SWFL remains in high-transmission for COVID-19, but hospitalizations and deaths are fewer

Reporter: Amy Oshier
Published: Updated:
Southwest Florida is in high-transmission for COVID-19, but deaths and hospitalizations remain low. (CREDIT: WINK News)

All of Southwest Florida remains in a high-transmission zone for COVID-19, according to the CDC.

However, a great deal has changed over the past two years.

Health systems in Southwest Florida have reported far fewer hospitalizations and deaths, which has people wondering whether a corner has been turned in the pandemic.

The omicron BA-5 subvariant is widely spreading and may dodge immunity, but even local healthcare providers recognize something has changed.

“If you go back to 2020, during delta, we were at over almost you know, 50% of the hospital, with an ICU that was at 220%,” said Dr. David Lindner, a pulmonologist at NCH. “Currently, we have none. We have zero patients in the ICU, we have zero patients on ventilators with that. And so it does feel different, it is different.”

Lindner leads the COVID-19 response at NCH.

“Not only have we learned how to handle it better, but you know, we basically have a degree of our population who have immunity,” Lindner said.

Infectious disease specialist Dr.
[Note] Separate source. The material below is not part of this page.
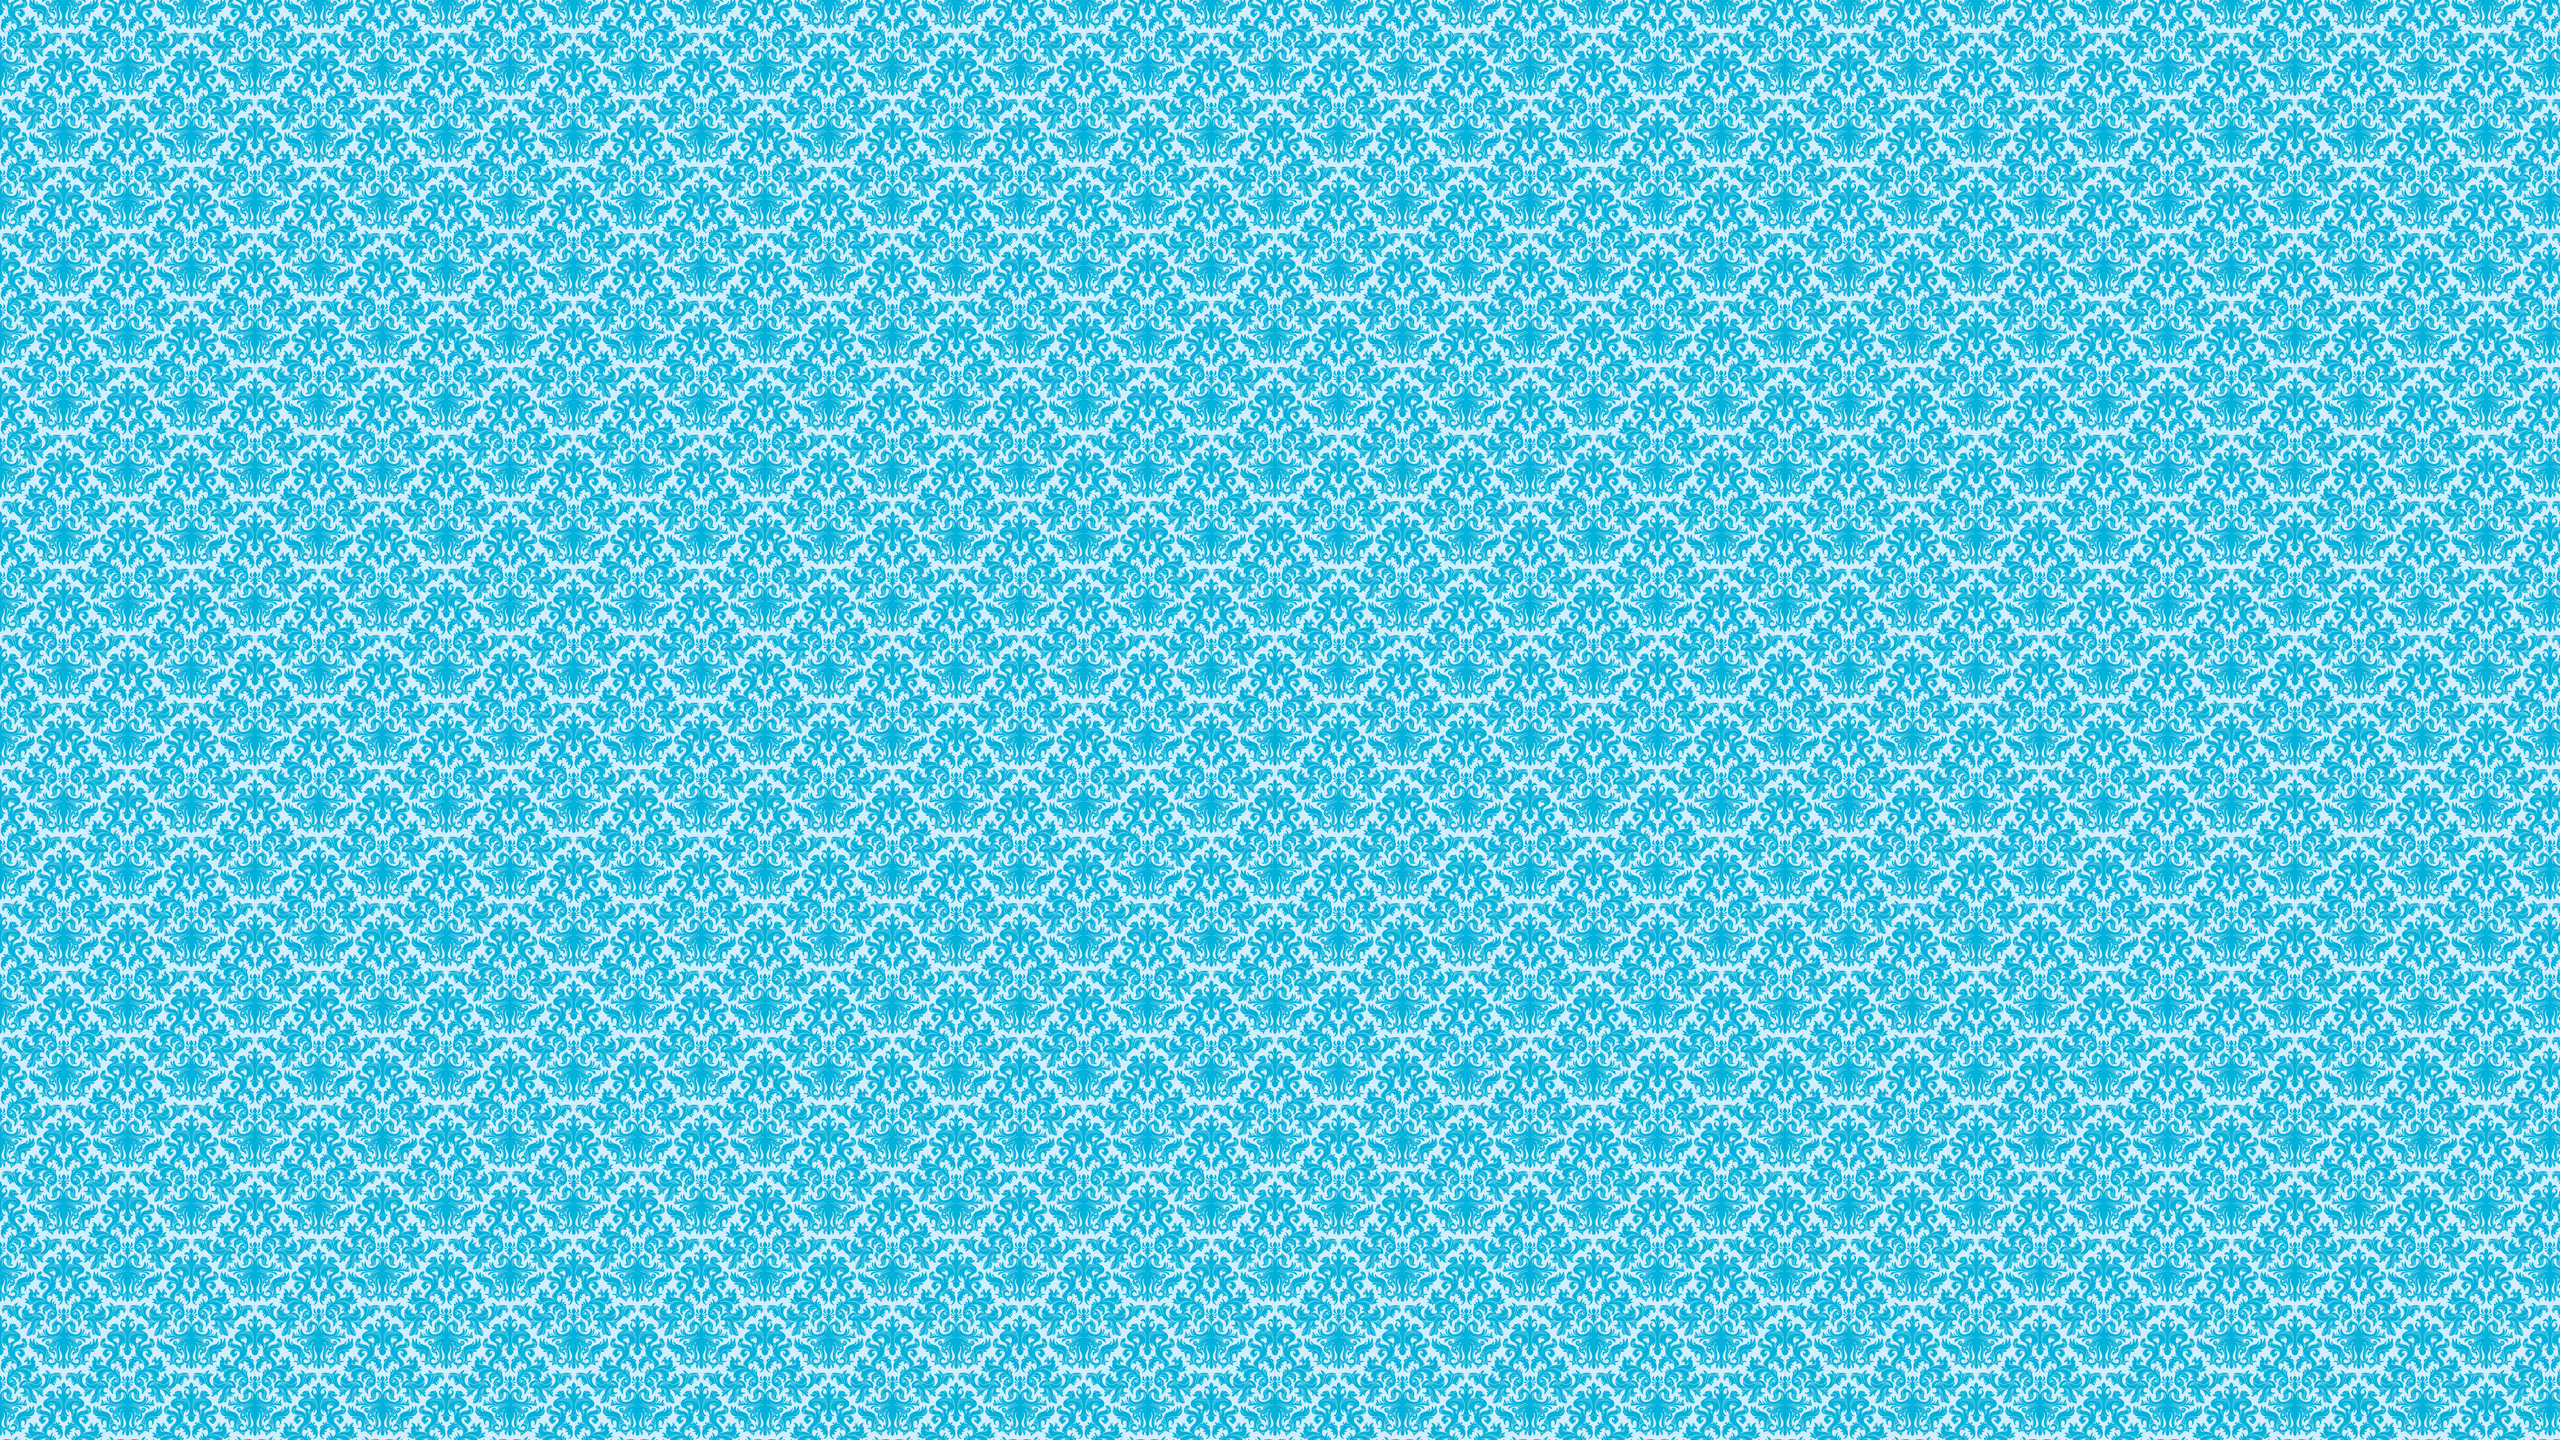 wallpaper installing this blue chocolate vintage desktop wallpaper is 2560x1440

Stephanie Stovall sees much the same thing in Lee Health.

“People aren’t having as severe of a manifestation of COVID as what maybe we were seeing last summer,” Stovall said. “For instance, our ICU utilization, our ventilator utilization is not as high as it was previously. It’s been pretty flat over the last several weeks, even though we are seeing 80 to 100 patients every day admitted to our hospitals.”

Vaccines, boosters, monoclonal antibodies and antivirals have all made a difference.

Along with COVID-19 mutations, coronaviruses tend to weaken over time and become part of the circulating viral illness that include the common cold.

When that happens, it is considered endemic.

Stovall said we are not there yet.

“That endemic kind of vision or endemic description that you think about would be low levels of infection, pretty much around the calendar, if you will. And I don’t think we’re at low levels of infection at this point,” Stovall said.

While the spread remains high, many of the people hospitalized at NCH were admitted for something entirely different.

“There is a sizable group of the people, suffice it to say, who are incidental right now. In fact, sometimes I have people who look at us and go, what do you mean, I have COVID,” Lindner said.

The final phase may be here, or near but high spread creates the opportunity for the virus to change once again.

“It makes me keep my guard up, that future mutations may take us back,” Stovall said.

For the foreseeable future, both health systems expect masking to be required wherever there are patients in hospitals and medical offices.